Lorsque les enfants sont déjà suffisamment dotés (ce qui reste un montant, ou pourcentage, à apprécier), leurs parents pourraient ainsi, sans risque de remise en cause ultérieure, donner ou léguer une partie des titres de l’entreprise au-delà de leur quotité disponible, cette disposition pouvant d’ailleurs, plus largement, concerner toutes formes de libéralités consenties à des fondations reconnues d’utilité publique ou à des fonds de dotation.
Se passer des holdings intermédiaires. De nombreuses sociétés dans d’autres pays européens (Allemagne, Danemark, Suède, Suisse, etc.) sont détenues directement par une fondation. En France, certains craignent cette gestion directe de la société par la fondation actionnaire et voudraient imposer alors une société holding intermédiaire.
Cette réticence est totalement infondée dans la mesure où les administrateurs de la fondation peuvent déléguer un ou plusieurs d’entre eux pour assurer l’administration de la société – comme cela est souvent le cas dans les grandes fondations actionnaires du monde nordique ou anglo-saxon. Il n’est d’ailleurs pas rare, en sens inverse, que des dirigeants de société siègent comme administrateurs de la fondation créée par l’entreprise, avec une compétence et une indépendance parfaitement reconnues.

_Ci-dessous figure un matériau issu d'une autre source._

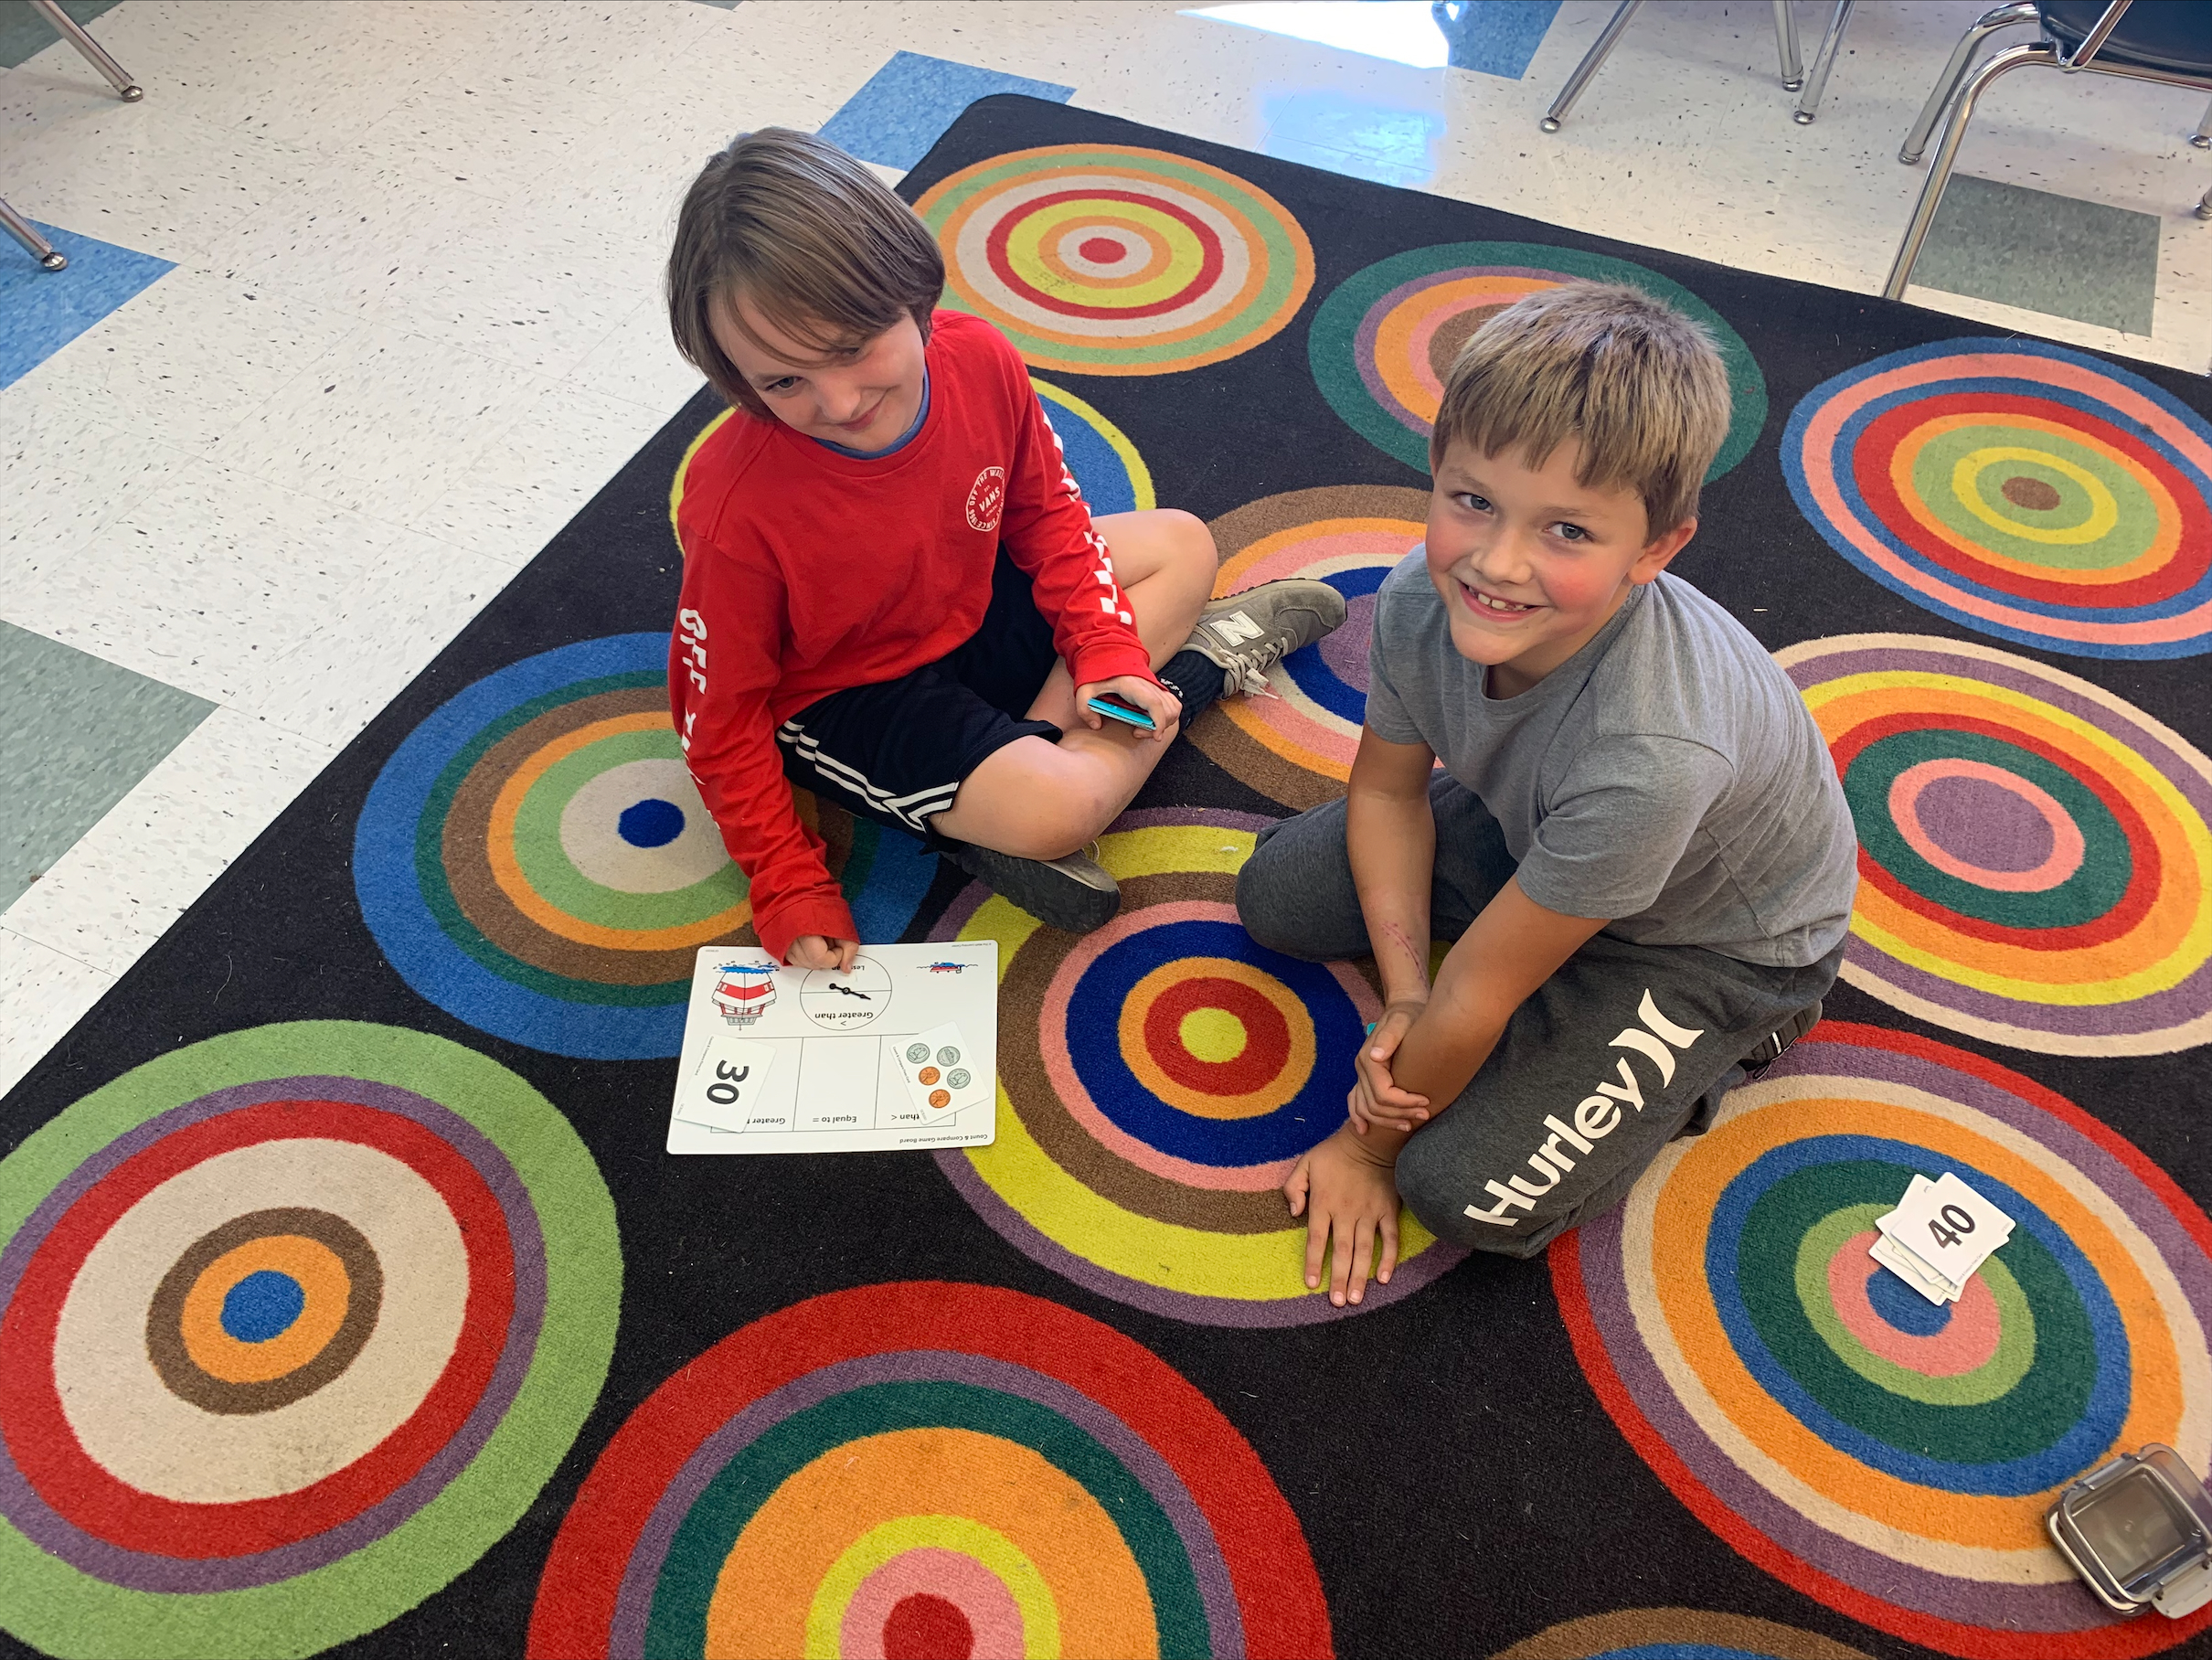 Two elementary students sit on a circle patterned mat playing math games.

Pour éviter toute discussion en la matière, il suffirait d’écrire clairement qu’une fondation peut détenir une participation directe dans ses sociétés filiales, si elle le souhaite ou si cela paraît opportun, tout en conservant à ce titre, quel que soit le pourcentage de détention, une gestion patrimoniale.
Créer un nouveau statut ad hoc de « fondation d’utilité économique »

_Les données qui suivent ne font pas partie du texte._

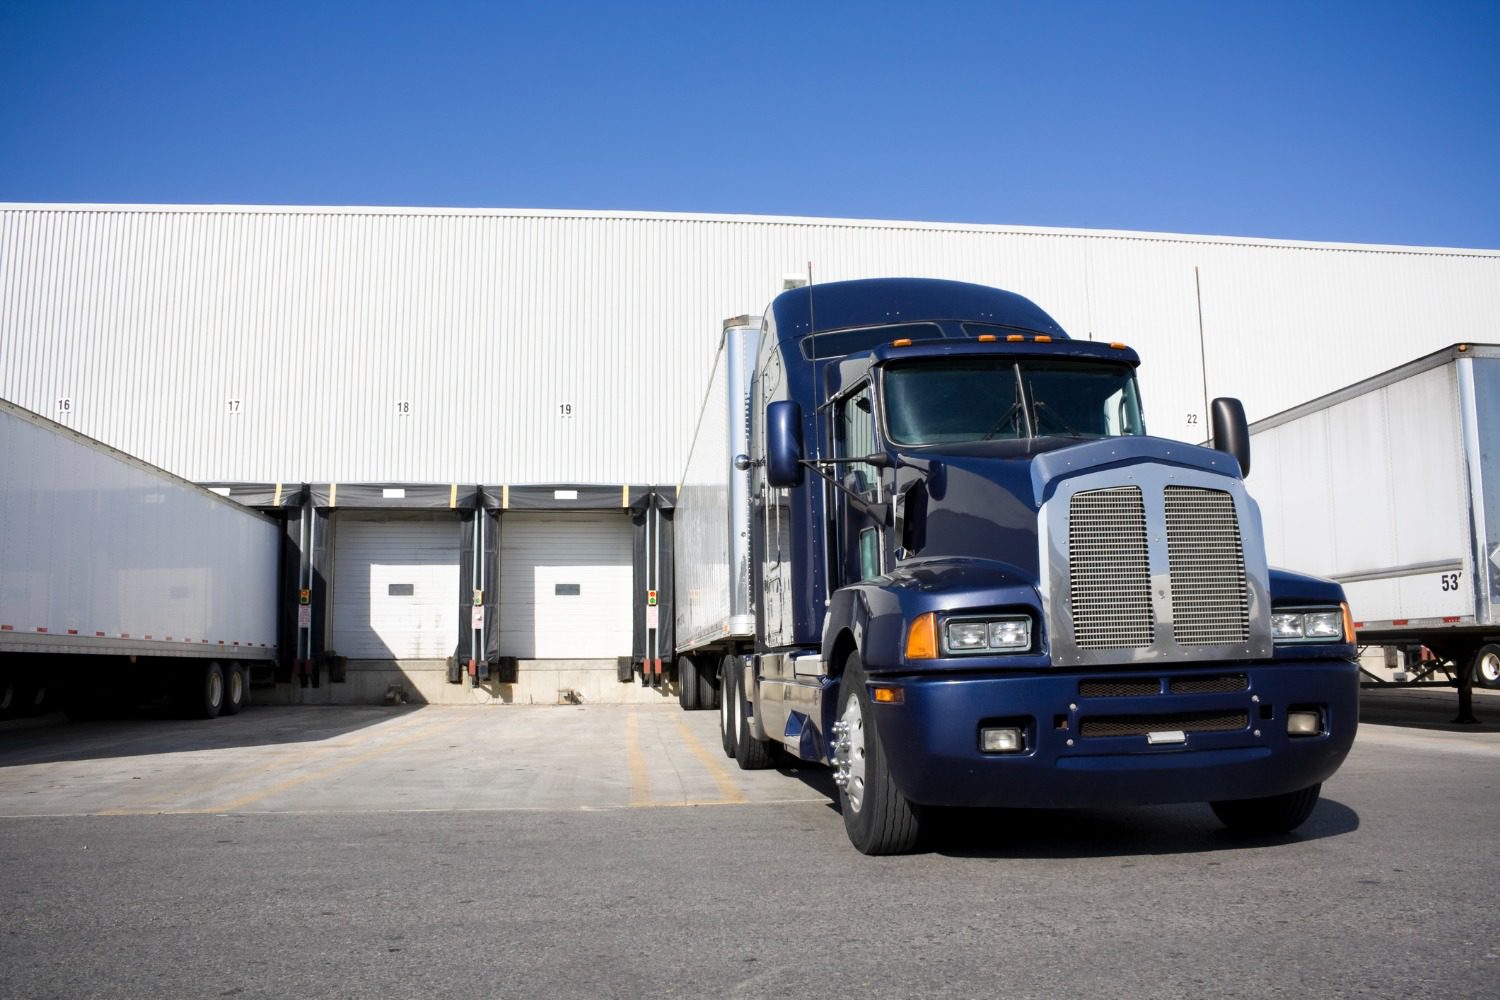 How Much Is Semi Truck Insurance?

Pour aller au bout de ces propositions, une réflexion mérite d’être ouverte sur la pertinence d’un statut juridique dédié. Il y a certes déjà pléthore de statuts de fondations en France, mais il suffirait de distinguer les fondations « privées » (inspirées des fonds de dotation) des fondations « reconnues d’utilité publique » et ainsi supprimer la plupart des catégories spécifiques actuelles (fondations partenariale, universitaire, hospitalière, d’entreprise, etc.).
Cependant, aucun statut n’est aujourd’hui dédié à cet objet spécifique, ou du moins prioritaire, qu’est la transmission et la protection d’une entreprise française, de son patrimoine industriel, le maintien de son capital sur le territoire national, et donc de l’emploi, dans une perspective de long terme.
Une telle fondation « d’utilité économique », qui entrerait dans la catégorie des fondations privées, bénéficierait de façon irrévocable et inaliénable de titres de l’entreprise pour la protéger et garantir au mieux sa pérennité, et aurait aussi, nécessairement mais secondairement comme dans les pays nordiques, pour objectif de poursuivre une mission philanthropique et de bénéficier, à ce titre, d’avantages fiscaux spécifiques liés à son caractère d’intérêt général.